==== INFORMATION SUPPLIED
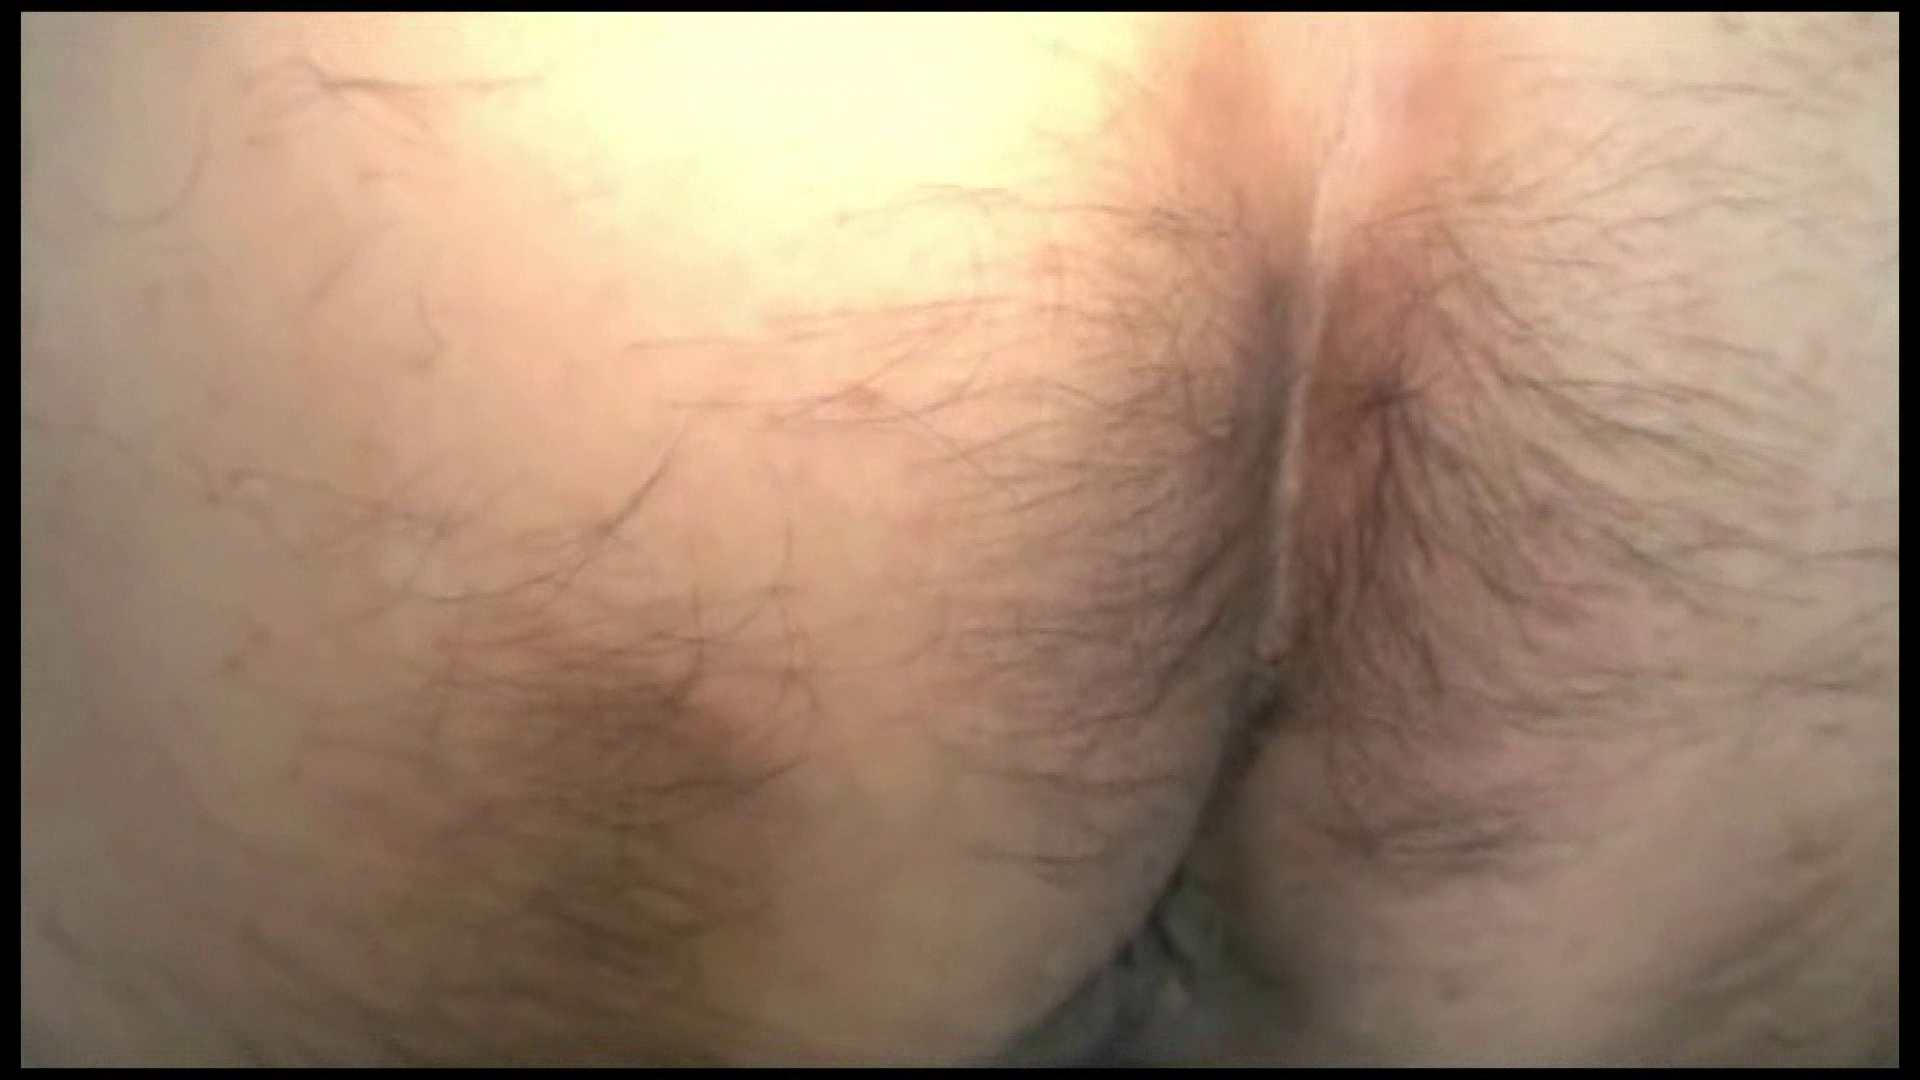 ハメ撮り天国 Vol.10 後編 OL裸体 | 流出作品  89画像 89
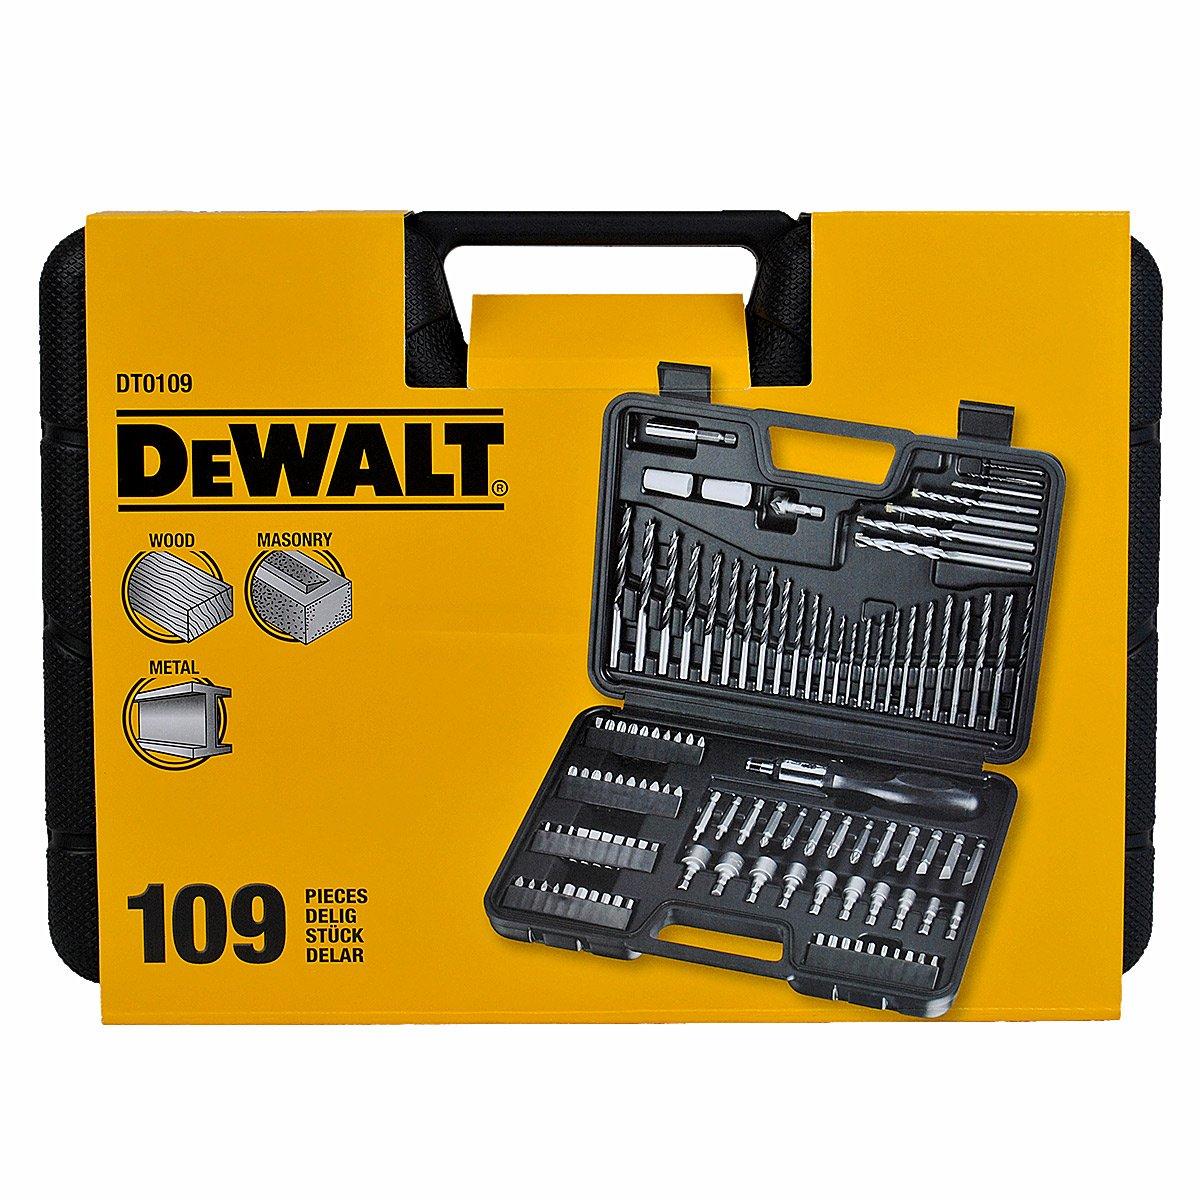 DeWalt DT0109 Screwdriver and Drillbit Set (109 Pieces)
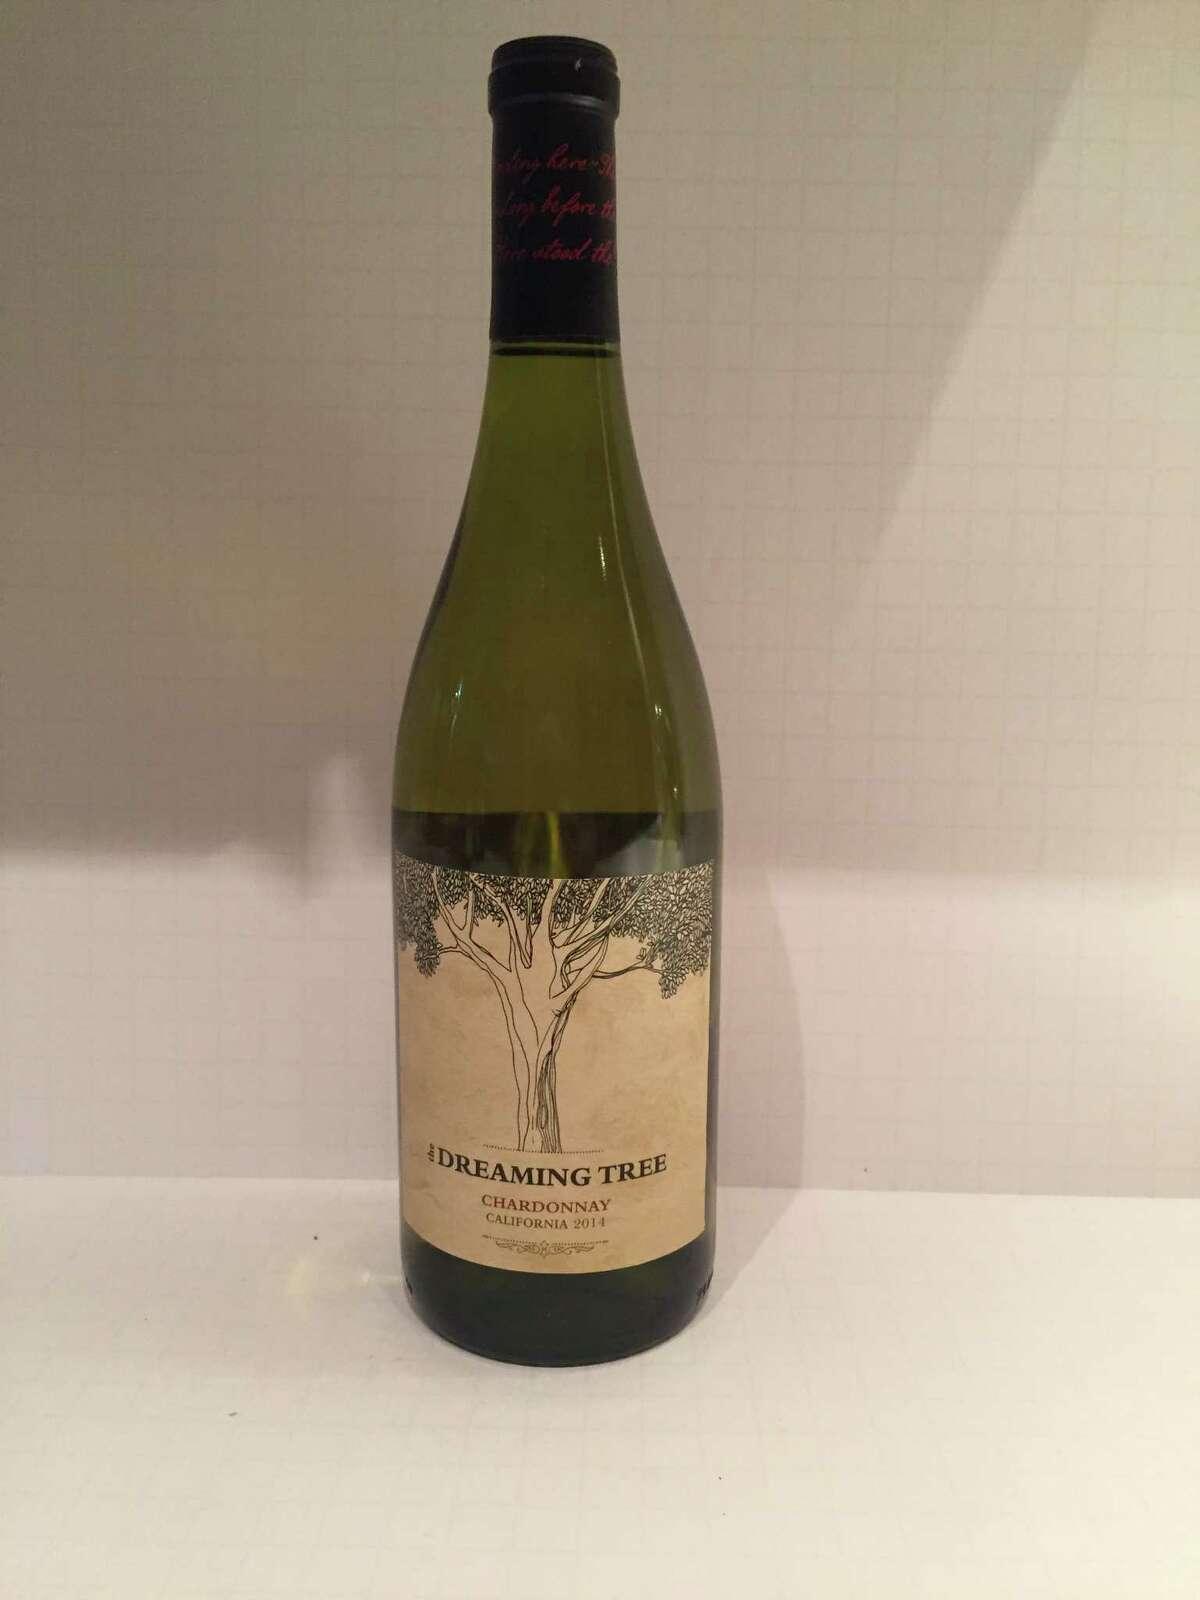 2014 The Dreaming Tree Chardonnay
========
#### [THE TASK]
All of the material above is to be copied exactly, with no pictures.

#### [RESULT OF THIS TASK]
 ハメ撮り天国 Vol.10 後編 OL裸体 | 流出作品  89画像 89
 DeWalt DT0109 Screwdriver and Drillbit Set (109 Pieces)
 2014 The Dreaming Tree Chardonnay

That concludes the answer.